However, for users who just want to run a simple command, manually, and watch a transfer, run:

rsync -aHAXvpP --info=progress2 /mnt/diskx/sharename /mnt/disky/

undaunt avatar Nov 06 '24 17:11 undaunt

3. How do I avoid this situation in the future?

not sure how to do that, but thankfully there are "solutions", as shown by @sanderai (nice stuff!)

@jbrodriguez I'm not sure what you mean by it runs at the root of the source folder

using your example rsync -aHAXvpP --info=progress2 /mnt/diskx/sharename /mnt/disky/, unbalanced does

cd /mnt/diskx/
rsync -avPR -X "sharename" "/mnt/disky"

don't exactly remember, why i implemented it like this, but this was WAYYYYY back, talking about ~2017

it's interesting the fact that mover just works, iirc mover is a shell script

@undaunt 's script also uses just an rsync command, haven't read through the script code, but the fact that it handles hardlinks properly means i could potentially incorporate it into unbalanced, thanks for sharing it !

jbrodriguez avatar Nov 06 '24 17:11 jbrodriguez

it's interesting the fact that mover just works, iirc mover is a shell script

I don't know exactly how the mover does this since I haven't looked into it's code, but it's not creating the hardlinks on the fly per file. It's probably storing the hard-link info beforehand (ls -i command shows that info for example) and then relinks them all again after the mover job completes. If you stop the process before it can finish, all the hardlinks are broken also. This is also evident by looking at the destination drive usage, it's growing by 2x the size until the end of the job when it cuts to the "normal" hardlinked size again.

But that last part is very fast and they definitely don't do recalculations after the job, just a simple reapply since they already know which files were linked to which before they started the whole move. jdupes should only be used if you truly lost that information and want to recalculate it again (it can also keep a hash-log actually with a few extra parameters for faster subsequent usages on the same file tree)

sanderai avatar Nov 06 '24 20:11 sanderai

Why not add the -H to rsync by default? It may not always work, but at least it might work for some of the scenarios, and save time recreating the hard links.

Any reason to not use -H ?

Snake883 avatar Nov 06 '24 20:11 Snake883

The -H flag only works if you transfer the linked files together in one rsync command. If you do separate rsync commands for both files in their separate locations, that link is broken regardless of the flag. And currently unBalanced seems to create lots of small rsync transfers based on selected folders and files and not transfering them all in one big command. This would need some bigger rewrites I guess.

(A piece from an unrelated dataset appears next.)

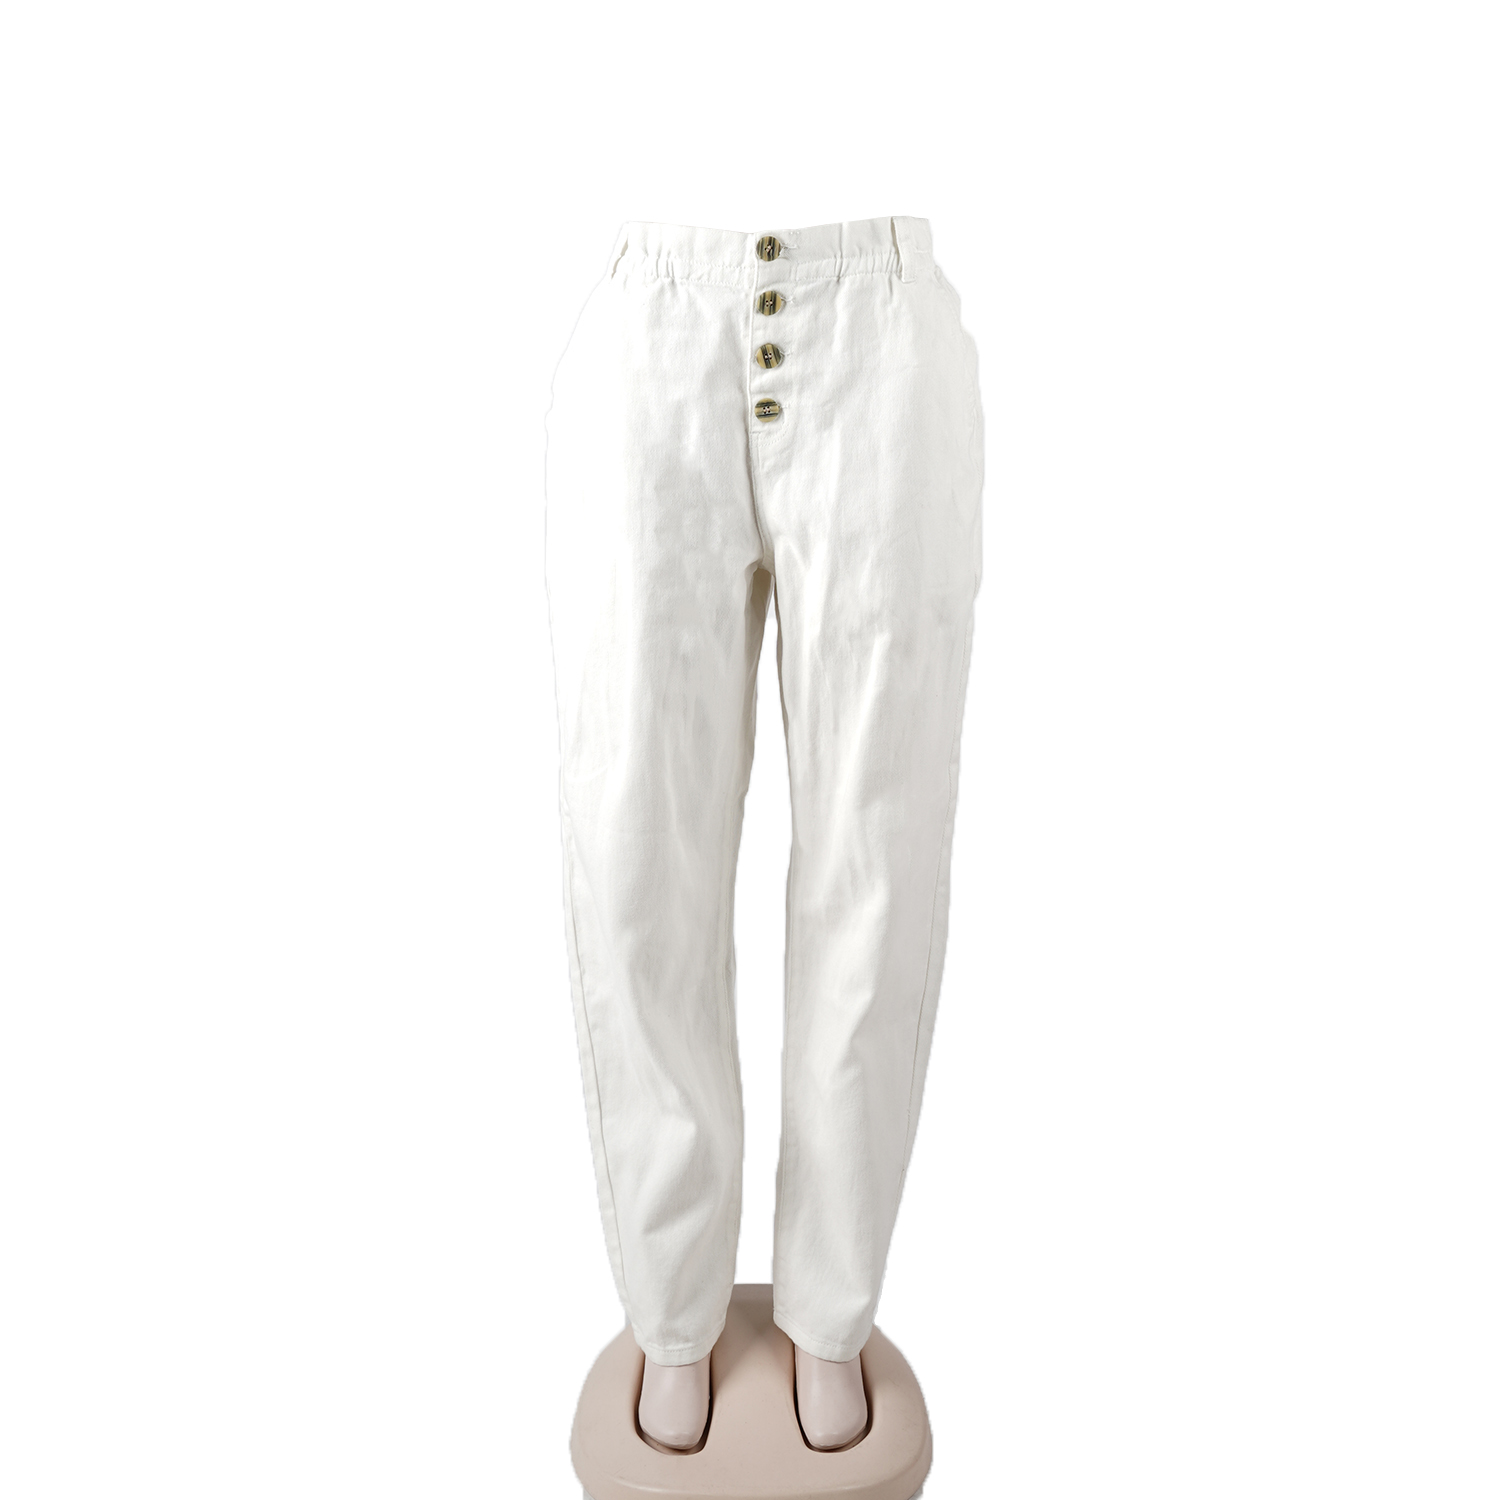 SKYKINGDOM new design jeans creamy white office lady style elastic waist buttons denim jeans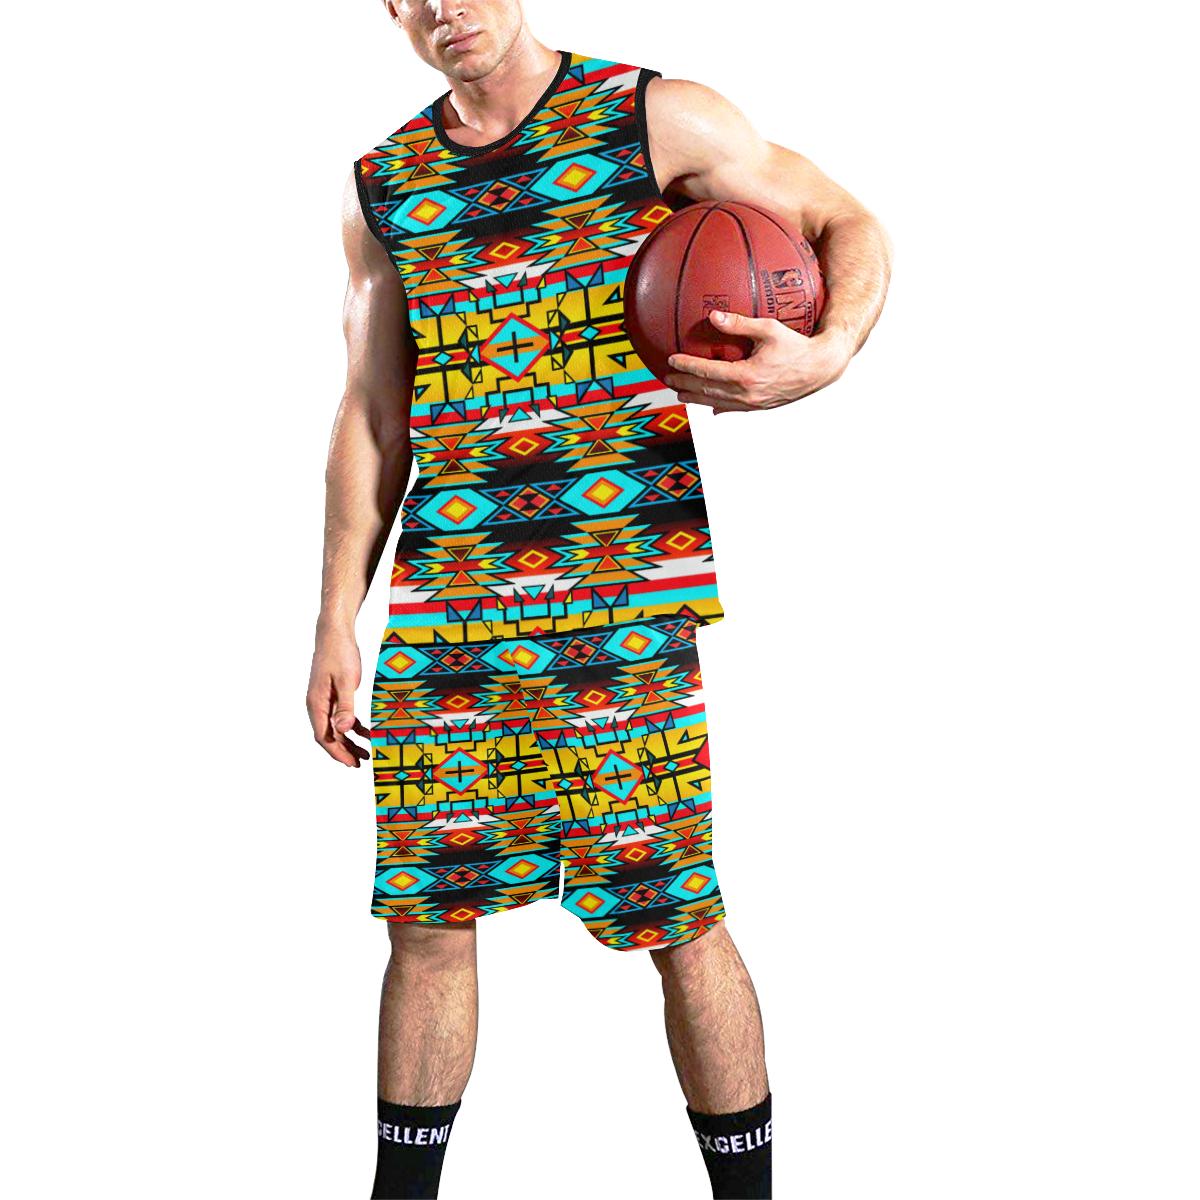 Force of Nature Twister All Over Print Basketball Uniform Basketball Uniform e-joyer

I unfortunately don't have more time to test this or work towards a PR right now.

sanderai avatar Nov 06 '24 21:11 sanderai

@sanderai The mover enhanced plugin actually moves files and the hardlinks side by side unlike native mover which does all the hardlinks at the end. So, for heavy hardlink workloads, the plugin may add value.

undaunt avatar Nov 07 '24 19:11 undaunt

Out of curiousity, wouldnt it be possible, to instead of using multiple small rsync commands, just combine them all into a single rsync command? The approach @jbrodriguez descibed earlier using cd /mnt/diskx/ rsync -avPR -X "sharename" "/mnt/disky" wont work with that, but it could be simply changed to rsync -avPRH -X --no-relative "/mnt/diskx/sharename1" "/mnt/diskx/sharename2" "/mnt/diskx/sharename2" "/mnt/disky"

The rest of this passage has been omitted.